**Activity**
In the material below, begin at the line that has "German Regiment of", stop after the line that has "A kid in a bike", and transcribe those lines exactly, without pictures.

Top of Supplied data

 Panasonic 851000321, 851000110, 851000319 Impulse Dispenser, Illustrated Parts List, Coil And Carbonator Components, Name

Bottom of Supplied data
Top of Supplied data

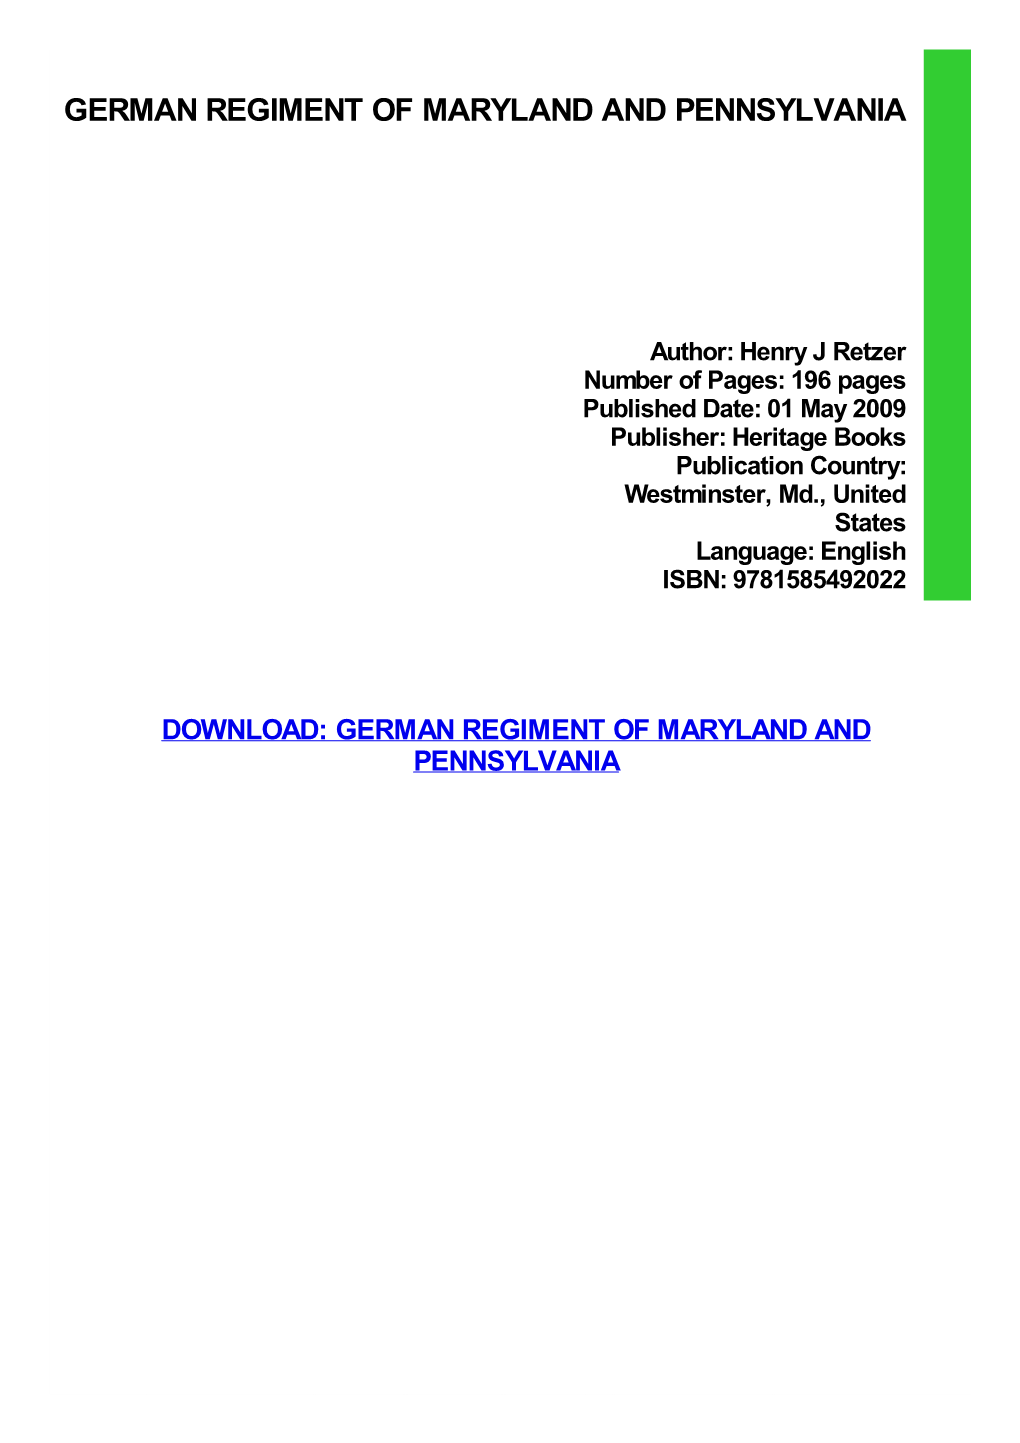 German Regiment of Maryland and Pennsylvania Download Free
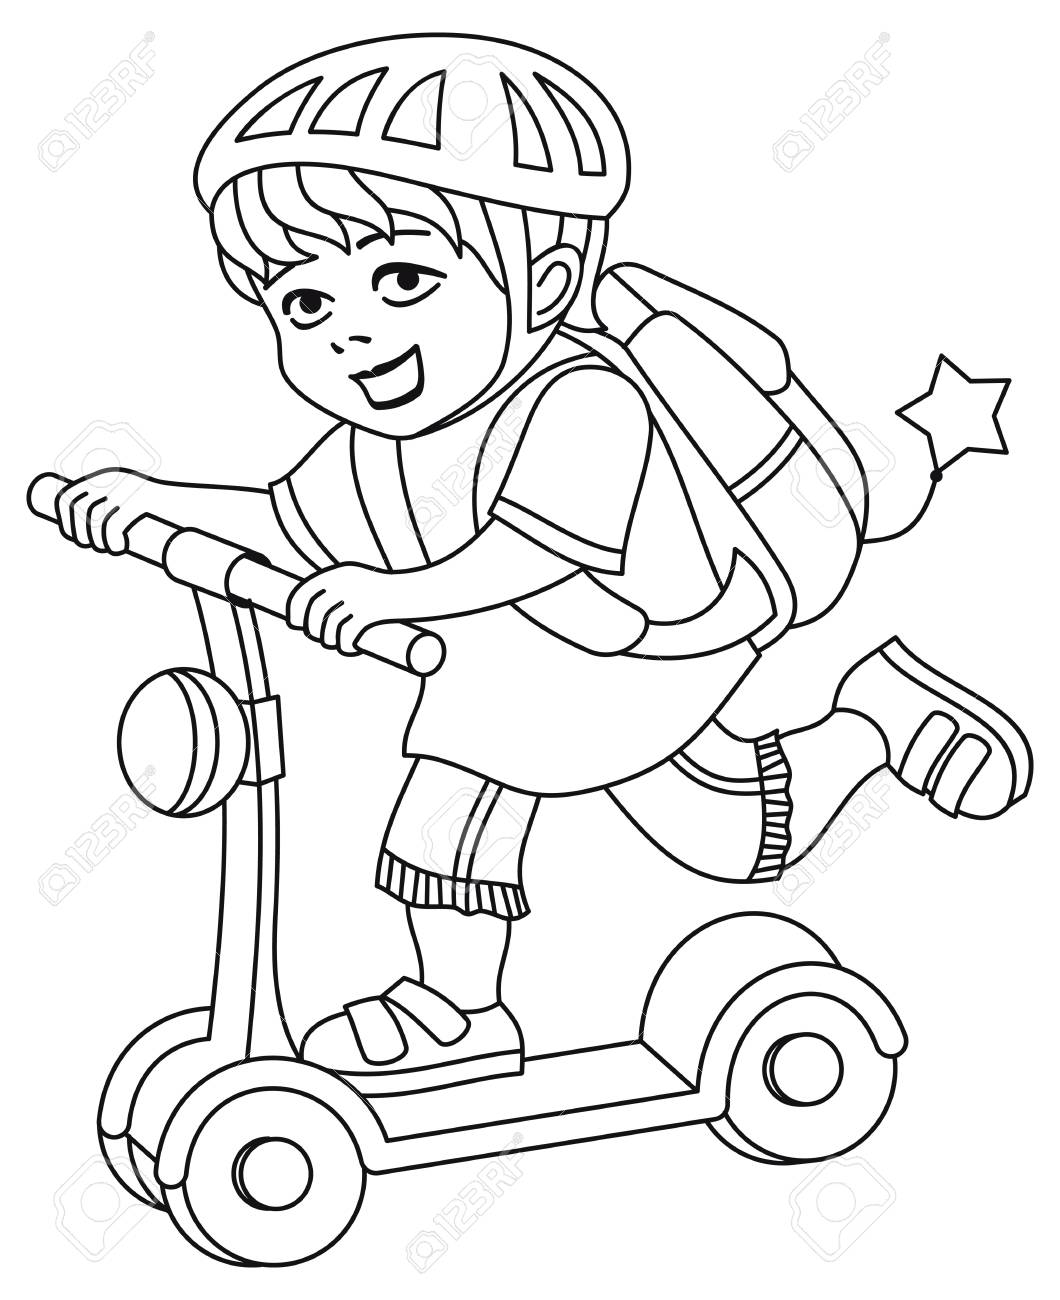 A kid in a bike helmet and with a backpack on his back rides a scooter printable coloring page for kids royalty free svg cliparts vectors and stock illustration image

Bottom of Supplied data

**Task response**
 German Regiment of Maryland and Pennsylvania Download Free
 A kid in a bike helmet and with a backpack on his back rides a scooter printable coloring page for kids royalty free svg cliparts vectors and stock illustration image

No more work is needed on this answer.